El país afrontaba un proceso de modernización atravesado por múltiples contradicciones, que iba acompañado de grandes movilizaciones populares, cuya vanguardia era la lucha campesina por la tierra.
En su Mensaje al Perú —publicado en vísperas de las elecciones de 1956— el ex-Presidente José Luis Bustamante y Rivero, prohombre considerado un patriarca de la democracia peruana, hizo un diagnóstico descarnado de la situación de agitación social que vivía el país, planteando la perentoria necesidad de realizar grandes reformas antes de que fuera tarde: «campaña nacional de la vivienda y de la alimentación básica del pueblo, rehabilitación del indio, reforma agraria, socialización del impuesto en todas sus escalas con supresión de los impuestos indirectos, organización cooperativa, descentralización» (Bustamante y Rivero 1994: 163).

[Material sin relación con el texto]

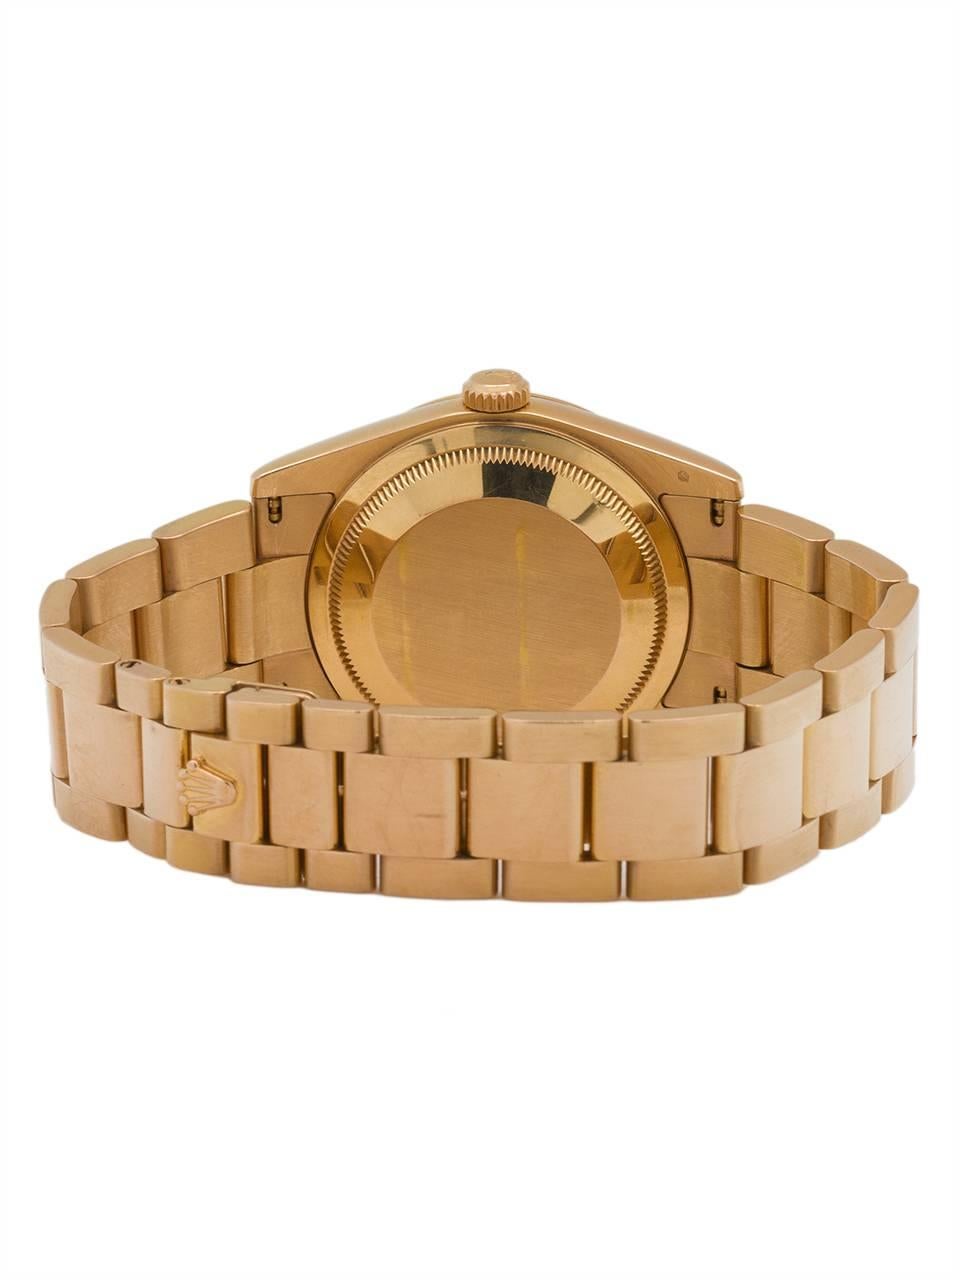 Men's Rolex Yellow Gold Oyster President Roman Rose Dial Wristwatch, circa 2000
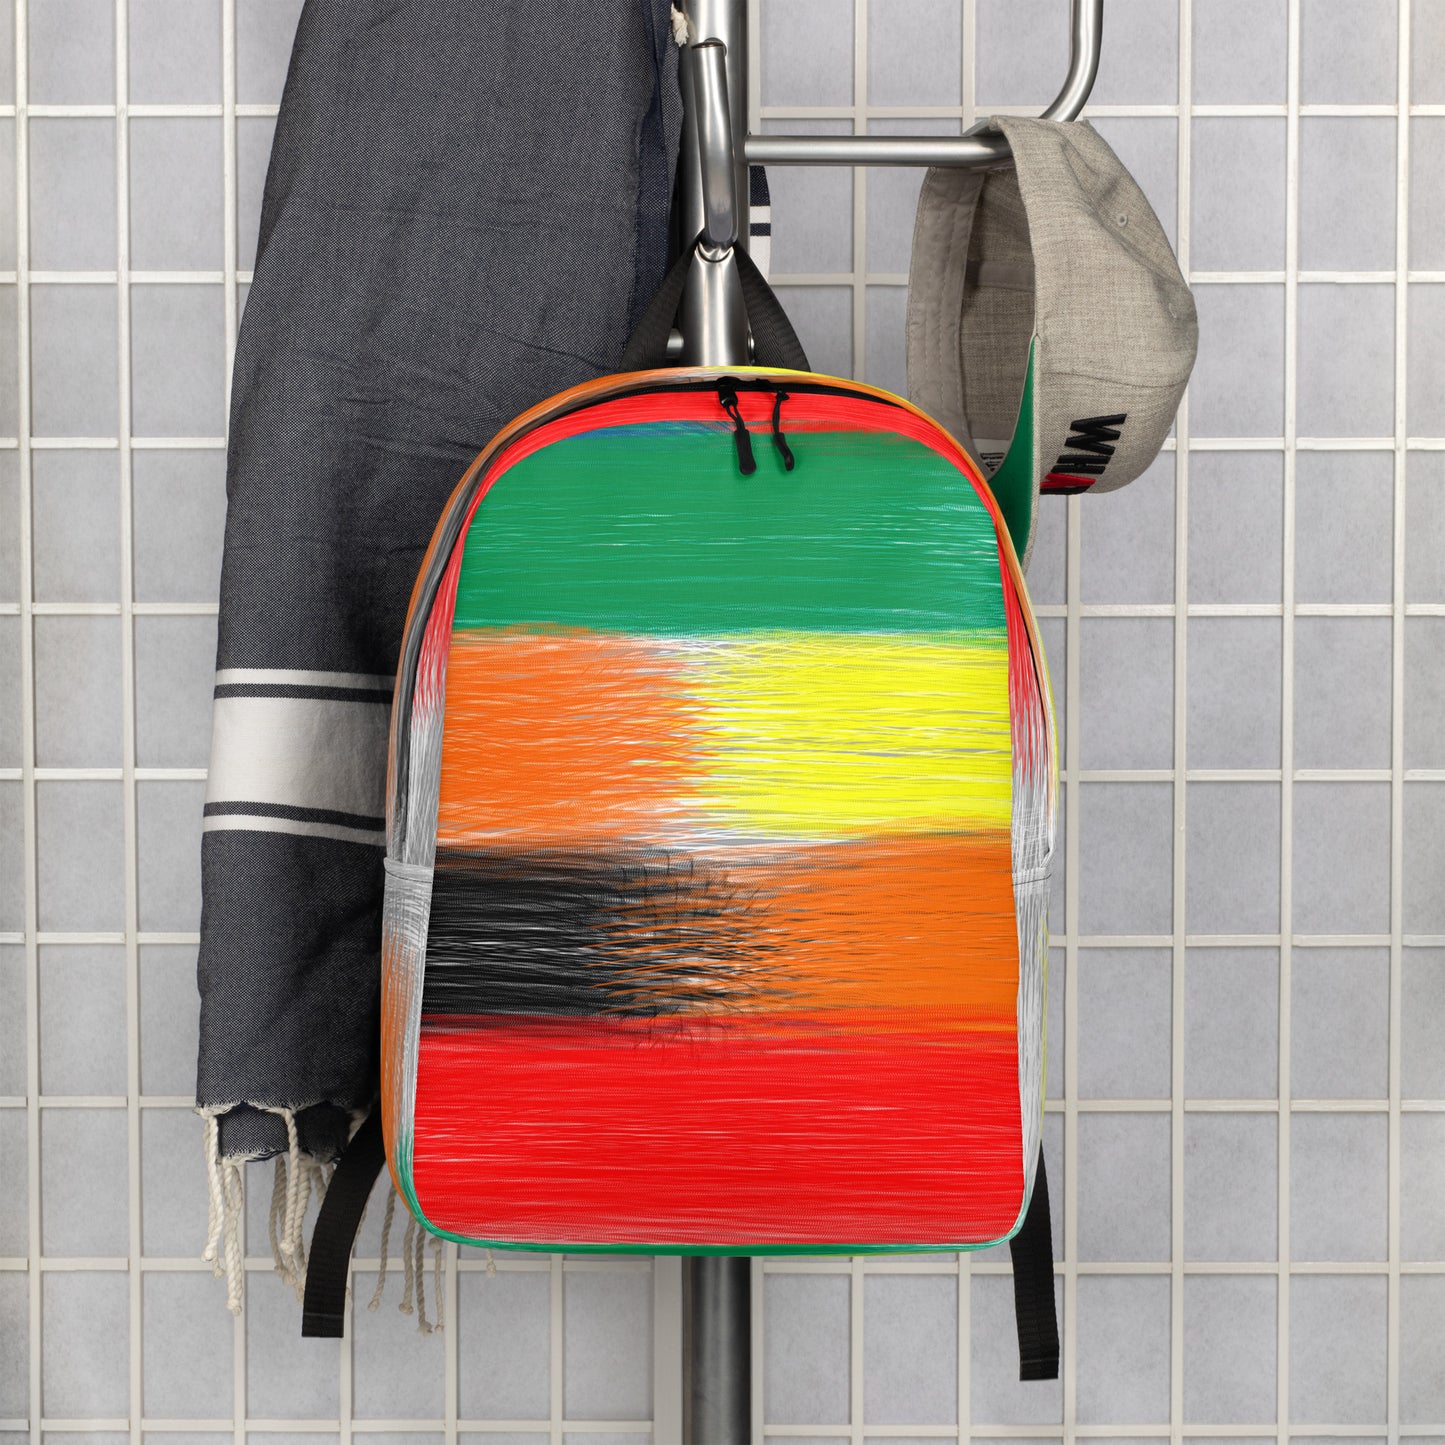 Minimal backpack

Para Bustamante y Rivero afrontar el «problema del indio» era algo inexcusable, «si queremos ahorrarnos el sonrojo de ser compelidos a ello por las presiones humanizantes del mundo exterior o por el despertar de los instintos dormidos de la raza» (Bustamante y Rivero 1994: 178). El país vivía una creciente agitación social y era necesario tomar medidas políticas perentorias para afrontarla. La creciente lucha campesina por la tierra dejaba poco margen para la dubitación. A los hacendados y patronos solo les quedaba «la reflexión de que es mejor ceder magnánimamente, en aras de una evolución cuerda, una parte de las posiciones adquiridas, antes que perderlas todas bajo un incontrolable estallido de violencia» (Bustamante y Rivero 1994: 182).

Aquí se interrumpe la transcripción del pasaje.